**What you need to do:**
Reproduce every line of the listing as written, apart from the pictures.

**Data shown:**
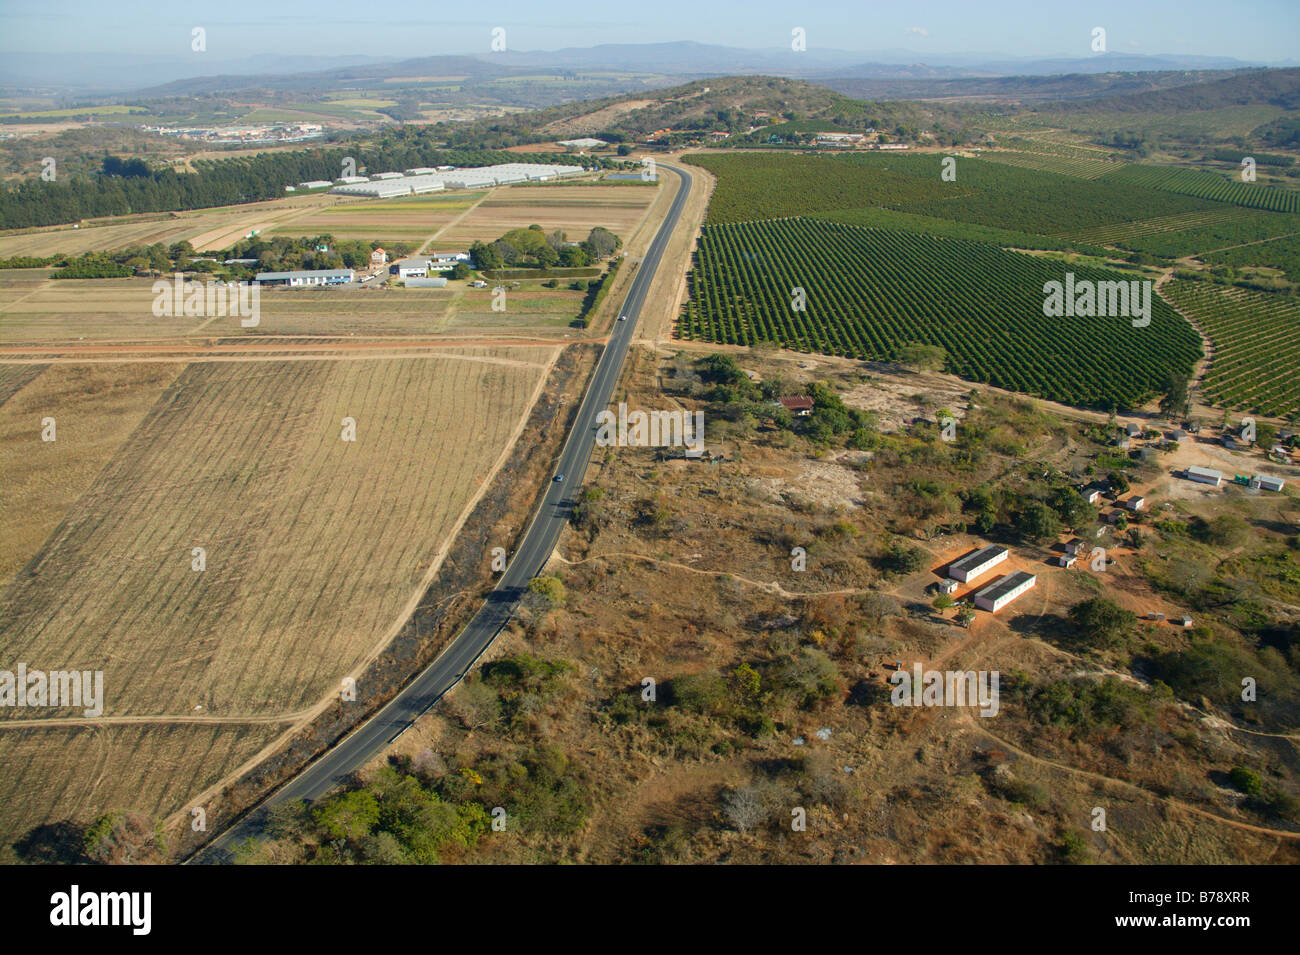 Vista aérea de la Lowveld campo mostrando los huertos de cítricos y barbechos Foto de stock
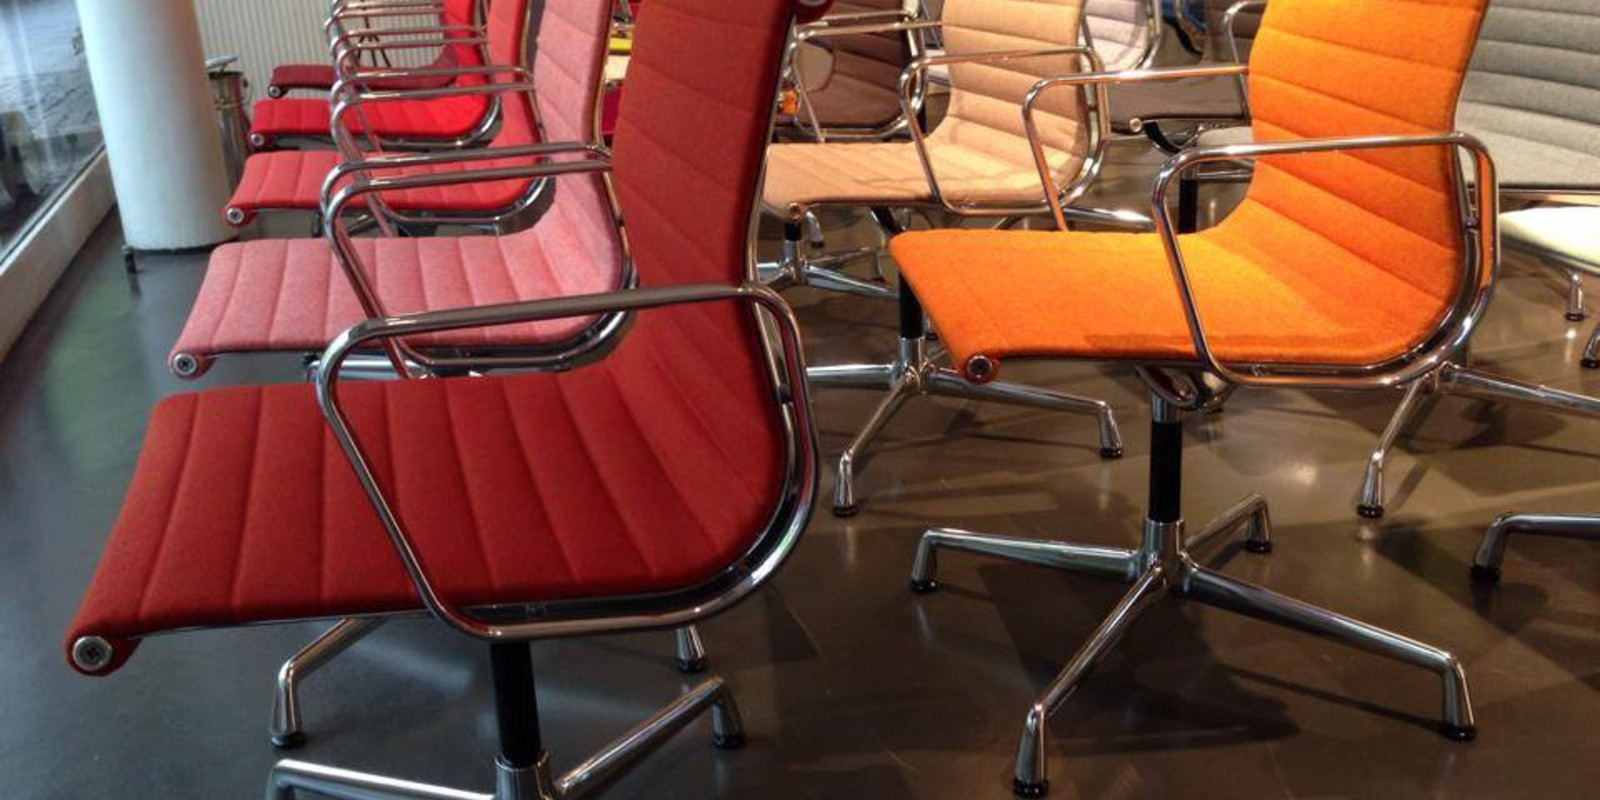 Vitra Aluminium Chairs Bild 1 Bild 1
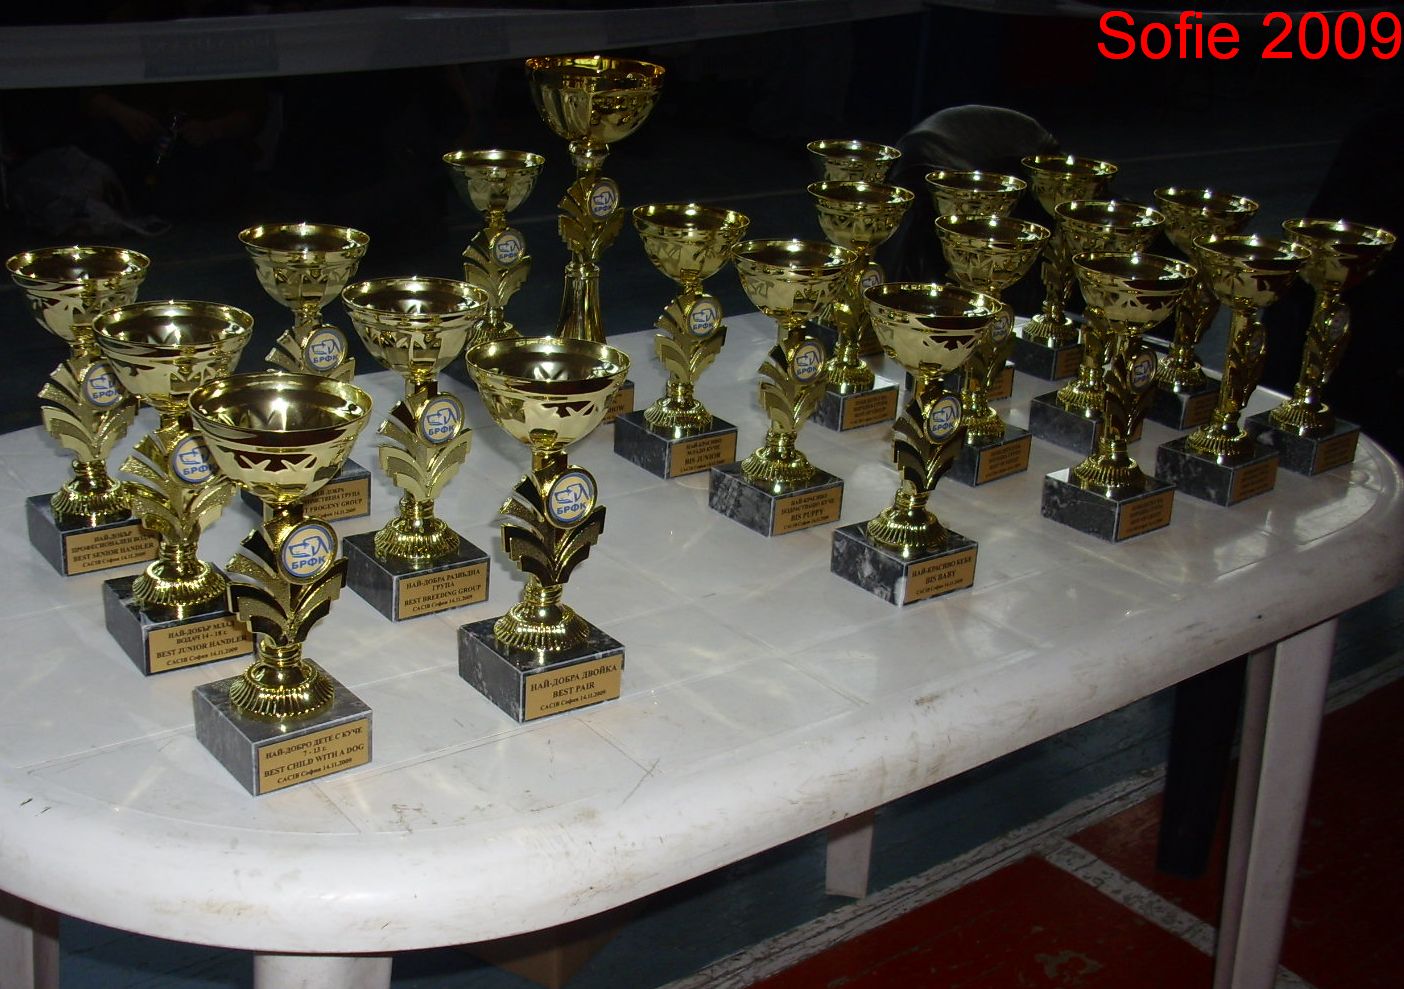 Sofie 2009 poháry.

**Reply to the task:**
 Vista aérea de la Lowveld campo mostrando los huertos de cítricos y barbechos Foto de stock
 Vitra Aluminium Chairs Bild 1 Bild 1
 Sofie 2009 poháry.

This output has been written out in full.